So I think the problem of aging is maybe 100 times simpler than the problem of cancer. I think it lays itself out in a conserved way and a very simple kind of way, that lends its analysis to not only thinking about how to assess aging but how to optimize aging, so we can either slow the process down or perhaps in the future be able to reverse the process. And of course, those are two absolutely fascinating questions.
Robert Rountree:
Your discussion brings up a core issue, I think, which is that one way to look at aging is that it's just wear and tear. Right? You live long enough, everything's going to break down and fall apart. And then there's another perspective which says, aging is a thing in and of itself. That you can study worms and yeast and, quote, “lower” organisms, and you actually see that there's some kind of genetically driven, metabolic pathway or set of pathways that are controlling aging. I think one of the obvious implications of that is that certain animals seem to live forever. You and I've talked about that before. You've got these naked mole-rats that seem to not get older when their chronological age is older. I wonder if you could talk about that distinction between chronological age and biological age and what that means exactly, because I know you've studied biological age.
Lee Hood:
We know that some people age very rapidly and other people age extremely slowly. So it is utterly clear, chronologic age is not an index of how rapidly or slowly you're aging. Nathan and I started thinking about this whole process of – we need a metric that assesses how rapidly we're aging. He and I studied together a population of 5,000 individuals, where we did their genome and their blood analytes and their gut microbiome and digital health measurements. They ranged in age from 21 to greater than 90. We were able to divide them into 10-year bins, 21 to 30, 31 to 40, so forth. We were able to show beautifully that as you age, the envelopes of control for the expression of the analytes in your blood, decrease in efficiency in a linear fashion. And without getting into any details, this led us to an algorithm that could determine one's biological age. So biological age is the age your body says you are, rather than the age your birthday says you are. And obviously your biological age, the lower it is relative to your chronologic age, the better you're aging. OK? So one of the first –
Robert Rountree:
So that's a good thing.
Lee Hood:
That's a good thing. Lower is better. So one of the first things we did to confirm that is, we looked at this population. And basically this was a population where we were trying to optimize their wellness and not their aging, in the initial stages. But what we demonstrated strikingly enough is, over the four years that we studied this population, women actually lost a year and a half of their biological age per year they were in the program. So over the program, they lost six years of biological age. And the implication is, they were aging better and better as they did it, and men lost about a year. We think the difference might have been more due to compliance than biology, but we don't really know. But the important point was, this biological age is a metric for aging, and at the same time a real metric for wellness. We went on to demonstrate beautifully that you could also assess the biological age of your major organs like the liver and the heart and the kidney and so forth.

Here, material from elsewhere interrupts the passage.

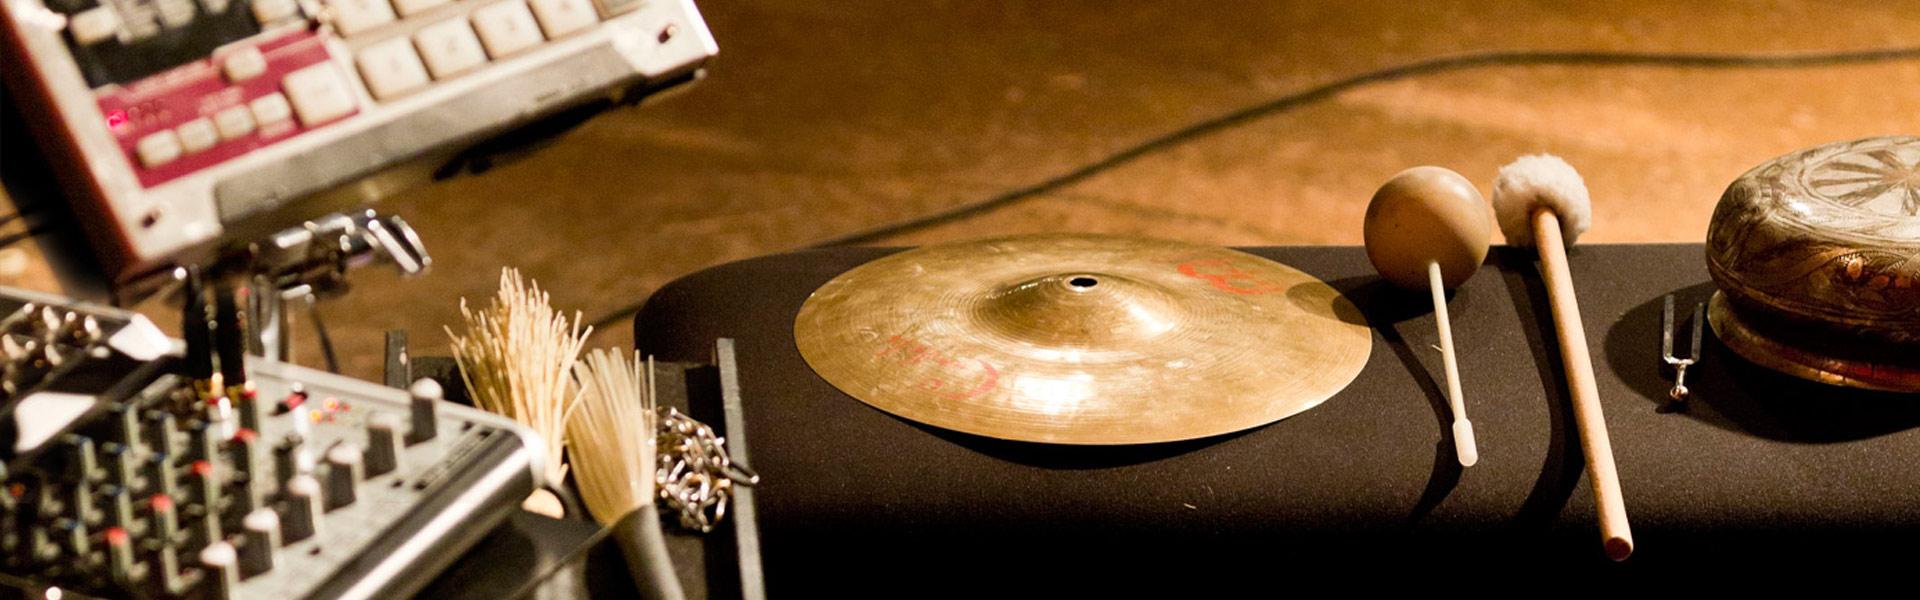 Plattform für Transkulturelle Neue Musik -

And because the algorithm used metabolites in the blood, we were able to deduce actionable possibilities for different individuals that uniquely lets them optimize their biological aging. So I think this whole idea of slowing aging is one of the really major factors to dealing with chronic disease. In fact, a young scientist at Harvard, David Sinclair, who's one of the key pioneers in studying aging, made the calculation that if we can – in the human population as a whole – delay the aging process by just one year, we can save something like $13 trillion in the health-care process over time.
Robert Rountree:
So you're saying a lot of really important things here. One that stands out kind of at the top, is that aging is some kind of process, that it's a physiological mechanism that we can unlock with the right kind of information and data, and that we can do something about it. We can affect it. I remember that discussion being held around Alzheimer's disease is that maybe if you live long enough, you'll eventually get Alzheimer's disease. But if you change the curve even slightly and you don't get Alzheimer's disease until you're 125 years old, then you may not care. So it's not about us eliminating these diseases or stopping aging. It's not about living forever, it's just about slowing down the curve. So I hear that as part one. And then part two is, you say there are all these metrics that we're discovering. I know from reading your papers that the things that you're using to determine biological age are not esoteric. They're not things that you can only get at one lab in Belgium. They're things that most any lab can measure.

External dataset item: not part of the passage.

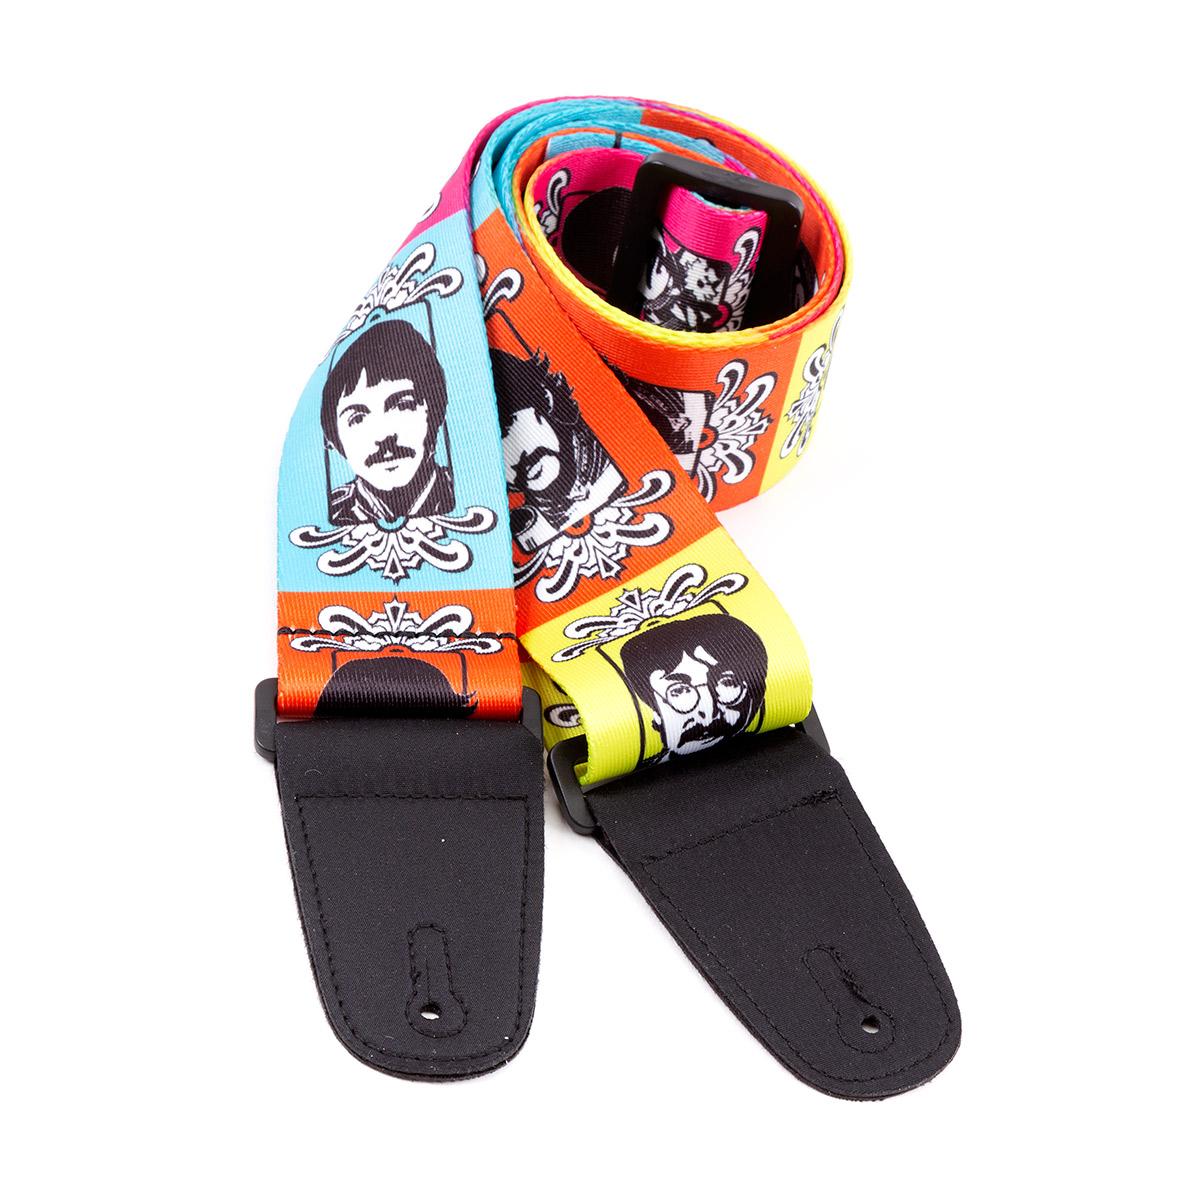 Sgt. Pepper D'Addario Guitar Strap

I wonder if you could talk about that, because I think that's a really important take-home issue for people, that the stuff you're talking about measuring is not hard to do.
Lee Hood:
Well, I can talk about it. One way to talk about it is saying that by manipulating the metabolites in your blood, at least certain of them, you can change the whole aging process. And that's one approach that we're really interested in exploring in detail. But another absolutely fascinating study that we carried out a couple of years ago, was looking at 9,000 individuals that are older, in the 60-, 70-, 80-plus year age, and analyzing their microbiomes. And what we discovered was, if you are a healthy person and are aging in a healthy manner, two things change in your gut microbiome. The first is that the core populations of microbes that populated your gut in your 20s and 30s and 40s disappeared. And the second thing is, each healthy individual carved out a unique microbiome that looked absolutely unique for different healthy people. In contrast, the unhealthy people, one, never lost those basic core microbiomes, and two, did not individually differentiate into these unique species.
And what was really remarkable is, we looked at healthy and unhealthy individuals in their 80s over a period of four years, and we determined that the unhealthy people were three to four times as likely to die over that period of time as the healthy one. So one of the really interesting questions is, can we identify drugs or molecules that affect these master switches, and in doing so would affect multiple of these features of aging? And indeed, it does appear that there are two drugs, according to animal studies, rapamycin being one, and metformin being the second and those affect two different control mechanisms. But they both have some very interesting effects on the hallmarks of aging. And big clinical trials have been carried out in dogs, in mice, in yeast, in a whole variety of different things. And the results are, I think especially for rapamycin, really quite remarkable. Of course, the really key thing is having clinical trials in humans that assess not only the positive effects of rapamycin toward aging, but whether it has side effects and complicating factors that we don't know about. These are things that will take a few years to determine.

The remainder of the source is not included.